4. Beoordeling van het middel in het principale beroep
4.1 Onderdeel 1 keert zich tegen de in 3.3 weergegeven beslissing van het hof. Het onderdeel faalt omdat [eiseres] c.s. niet stellen dat (en ook geen vindplaatsen noemen waar) zij al in de hoofdprocedure een beroep hebben gedaan op de bedoelde toezeggingen van de Gemeente als - afzonderlijke - grondslag voor een op schending daarvan gebaseerde schadevordering.
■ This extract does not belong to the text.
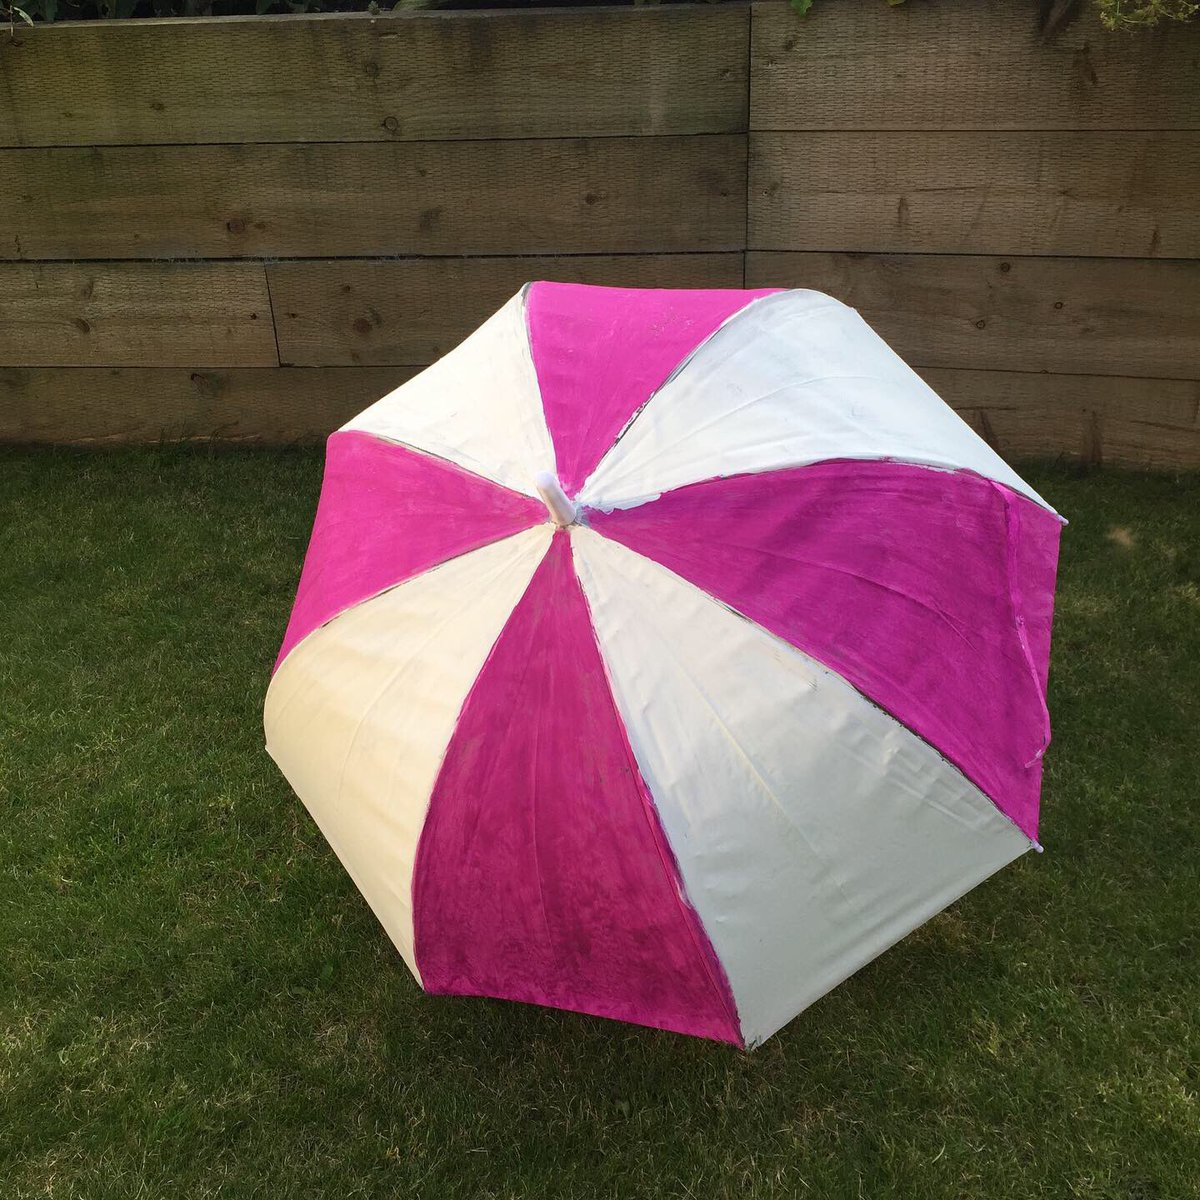 umbrellas hashtag on Twitter

Voorzover volgens [eiseres] c.s. "in het vertrouwen op de bruikbaarheid van de vergunningen als het ware [moet] worden geïncorporeerd het vertrouwen in de mededelingen van de zijde van de gemeente dat er (binnen 14 dagen) een oplossing zou komen", zoals [eiseres] c.s. in de schadestaatprocedure hebben gesteld, zal die stelling nog aan de orde kunnen komen bij de verdere behandeling na verwijzing wegens de gegrondheid van onderdeel 2.
4.2 Onderdeel 2.2 keert zich met een motiveringsklacht tegen de hiervoor aan het slot van 3.2 weergegeven vaststelling van het hof dat [eiseres] c.s. geen grief hebben gericht tegen het oordeel van de rechtbank dat de aansprakelijkheid van de Gemeente zich niet uitstrekt tot schade die het gevolg is van de feitelijke onbruikbaarheid van de vergunningen. Het onderdeel klaagt terecht dat die vaststelling in het licht van de inhoud van de memorie van grieven onbegrijpelijk is. Daarbij is in aanmerking te nemen dat in de memorie van grieven door [eiseres] c.s. is vooropgesteld (blz. 5) dat in de hoofdprocedure door het hof, in cassatie niet bestreden, althans niet met succes bestreden, met rechtmatigheid van de vergunning waarop de vergunninghouder heeft vertrouwd en heeft mogen vertrouwen, gelijkgesteld wordt de bruikbaarheid van de vergunningen. Vervolgens hebben [eiseres] c.s. gewezen op de overweging met betrekking tot de beperkte rol van de aan [eiseres] c.s. verleende vergunningen (welke overweging blijkens het hiervoor in 3.1 onder (ii) weergegevene niet telkens behoefde te worden herhaald) bij het wekken van de later onjuist gebleken verwachting dat de Wet milieubeheer en de Woningwet niet aan het oprichten en in werking houden van een LPG-installatie op de percelen in de weg stonden. Aan een en ander verbindt de memorie, ter toelichting van de aan het slot daarvan geformuleerde algemene grief, op blz. 6 de klacht dat de rechtbank in haar vonnis de betekenis van het aangehaalde criterium uit het arrest van de Hoge Raad op ontoelaatbare wijze heeft beperkt, terwijl op blz. 8 van die memorie wordt gesteld dat het hof in het in cassatie tevergeefs door de Gemeente bestreden arrest het begrip "schade die het gevolg is van vertrouwen op de bruikbaarheid van de verleende vergunningen" niet zo beperkt uitlegt als de rechtbank doet. Dat de door het hof aan de grief gegeven uitleg onbegrijpelijk is, wordt ondersteund door het aan die uitleg verbonden, na de verwerping van het door de Gemeente ingestelde cassatieberoep niet aanstonds voor de hand liggende gevolg dat aan [eiseres] c.s. in het geheel geen schadevergoeding zou toekomen.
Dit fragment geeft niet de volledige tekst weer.